Kazuya Hiraide

Personal information
- Full name: 平出和也 (Hiraide Kazuya)
- Born: May 25, 1979 Fujimi, Japan
- Died: July 27, 2024 (aged 45) K2

Sport
- Sport: Skiing

Medal record
Ski mountaineering
| Gold medal – first place | 2009 Asian Championship | Relay |

= Kazuya Hiraide =

Japanese mountain climber and skier (1979–2024)

Kazuya Hiraide (平出和也, Hiraide Kazuya) was a Japanese ski mountaineer, Alpine climber, and professional mountain cameraman. Hiraide won the Piolet d'Or mountaineering award on four occasions.

==Climbing career==
Hiraide became a serious mountain climber after joining a mountaineering club at his university. In 2001, he reached the eastern summit of Kula Kangri (7,381m) in Tibet. His list of accomplishments includes first ascents, reaching summits without oxygen, and skiing from mountain peaks. In 2009, he scaled the previously unclimbed southeastern wall of Kamet (7,756m) in India, and with his climbing partner Kei Taniguchi, became the first Japanese to receive the 17th Piolet d'Or Award, the "Academy Award" of mountaineering. He also won three other Piolet d'Or Awards with climbing partner Kenro Nakajima for their first ascent on an uncharted route with Shispare in 2017, Rakaposhi in 2019 and Terich Mir in 2023. He also received the Japan Sports Award, sponsored by The Yomiuri Shimbun, in 2001 and 2009.

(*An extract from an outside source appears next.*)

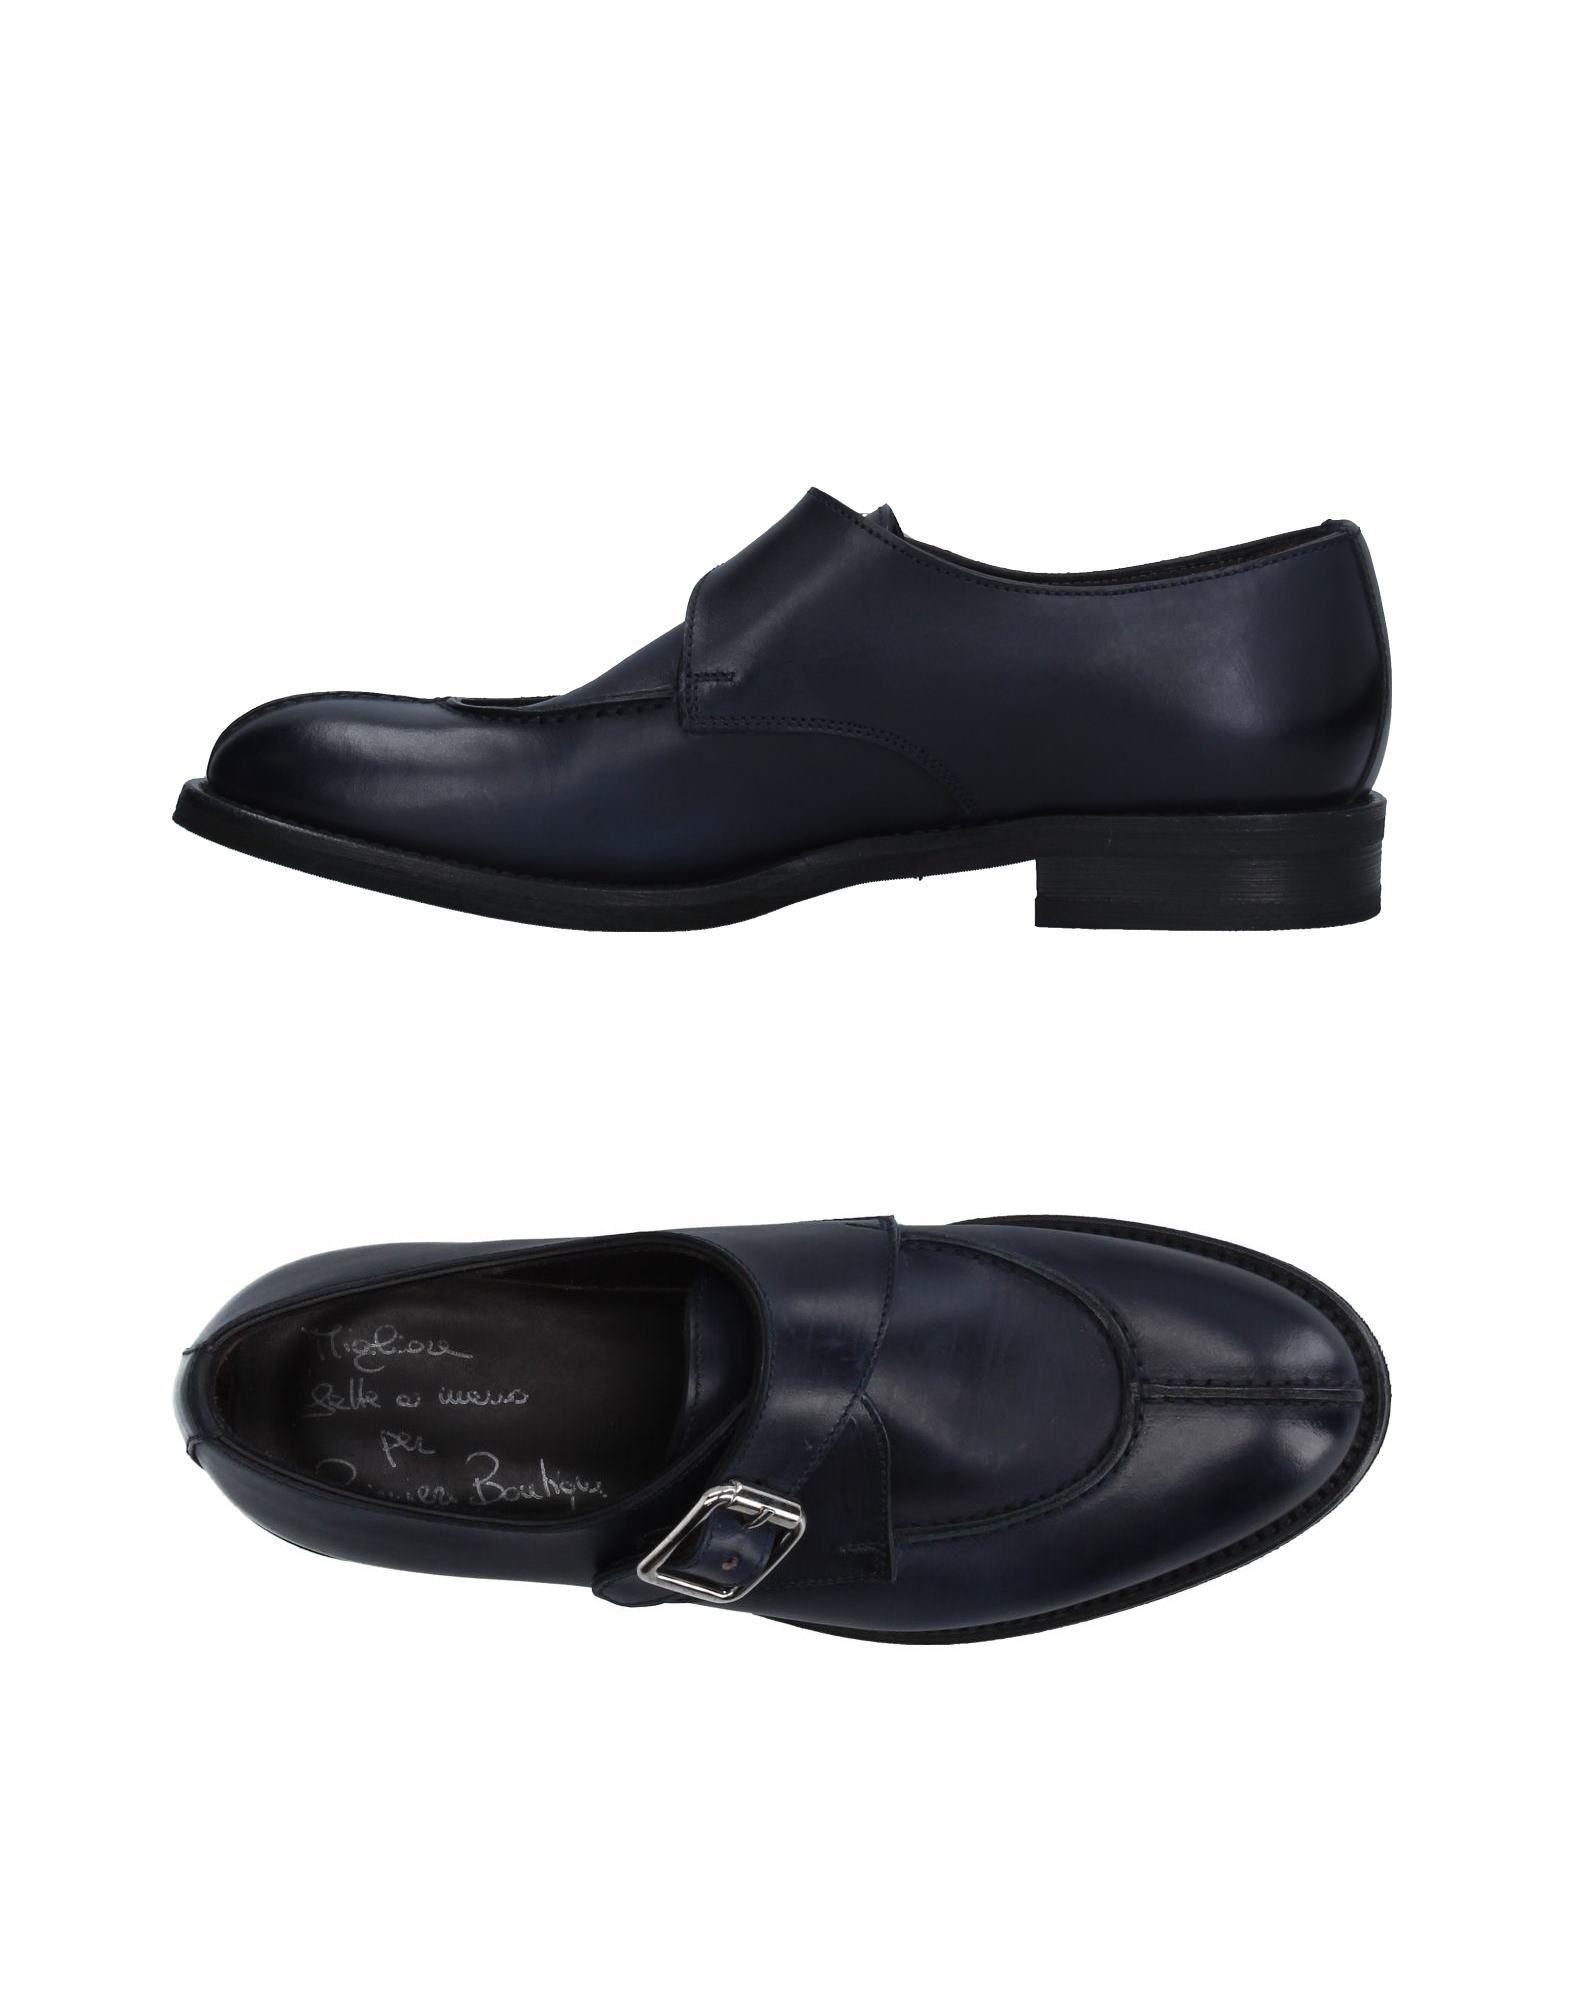 VIBRAM Loafers in Dark Blue

On July 28, 2024, it was reported that Hiraide died from in fall while attempting an ascent of the western face of K2 together with Kenro Nakajima. Two figures were spotted by a rescue helicopter which failed to land next to them and described them as "motionless".

In 2024, Hiraide's wife Joko Hiraide accepted his 2023 posthumous Piolet d'Or award on his behalf.

== Selected results ==

=== Ski mountaineering ===
- 2009:
  - 1st, Asian Championship, relay (mixed team), together with Mase Chigaya, Sato Yoshiyuki and Suzuki Keiichiro
  - 4th, Asian Championship, individual
  - 5th, Asian Championship, vertical race

=== Mountain climbing ===

- 2001
  - Kula Kangri East Peak (7381m), Pakistan, first ascent
  - Cho Oyu (8201m) China, summit, ski down from top
- 2003
  - Kunyang Chhish (7852m), Pakistan, first try, west face
- 2004
  - Golden Peak (7027m), Pakistan, new route, north west ridge, summit
  - Lila Peak (6200m), Pakistan, new route, east face, summit
  - Kunlun Mustag (6355m), China, new route, summit
- 2005
  - Mustag Ata (7564m), China, second ascent, east ridge, summit, ski down to west side
  - Shivling (6543m), India, new route, north face to west face, summit
- 2007
  - Shispare (7611m), Pakistan, first try, north east face
- 2008
  - Gasherbrum II (8035m), Pakistan, summit
  - Broad Peak (8047), Pakistan, summit
  - Kamet (7756m), India, new route, south east face, summit
- 2009
  - Gasherbrum I (8068m), Pakistan, Summit
  - Gaurishankar (7134m), China, first try, east face
- 2010
  - Ama Dablam (6856m), Nepal, first try, north west face
- 2011
  - Everest (8848m), Nepal, south side, summit
  - Naimonanyi (7694m), China, new route, south west ridge, summit, south peak (7200m), first ascent, first try, south east face
- 2012
  - Khan Tengri (7010m), Kazakh, north side, summit
  - Shispare (7611m), Pakistan, first try, south west face
- 2013
  - Everest (8848m), Nepal, summit
  - Diran (7266m), Pakistan, west ridge, summit
  - Shispare (7611m), Pakistan, first try, south west face
- 2014
  - Everest (8848m), Nepal, south side
  - Hkakabo Razi (5881m), Myanmar, first try, north ridge
- 2015
  - Everest (8848m), China, north side
  - Api (7132m), Nepal, north side, summit
- 2016
  - Everest (8848m), China, north side, summit
- 2017
  - Shispare (7611m), Pakistan, new route, north east face
- 2019
  - Rakaposhi (7788m), Pakistan, new route, south face
- 2023
  - Tirich Mir (7708m), Pakistan, new route, north face

== Awards ==
- 2008: Piolet d'Or, together with Kei Taniguchi (谷口ケイ, Taniguchi Kei) for the first ascent of the South-West face of Kamet (7756m, India) in alpine style
- 2017: The 26th Piolet d'Or Award and The 12th Piolet d'Or Asia Award, together with Kenro Nakajima for the first ascent of the North-East face of Shispare (7611m, Pakistan) in alpine style.
- 2019: The 28th Piolet d'Or Award, together with Kenro Nakajima for the first ascent of the south face of Rakaposhi (7788m, Pakistan) in alpine style.
- 2024: The 32nd Piolet d'Or Award, together with Kenro Nakajima for the first ascent of Secret Line on the north face of Terich Mir (7708m, Pakistan).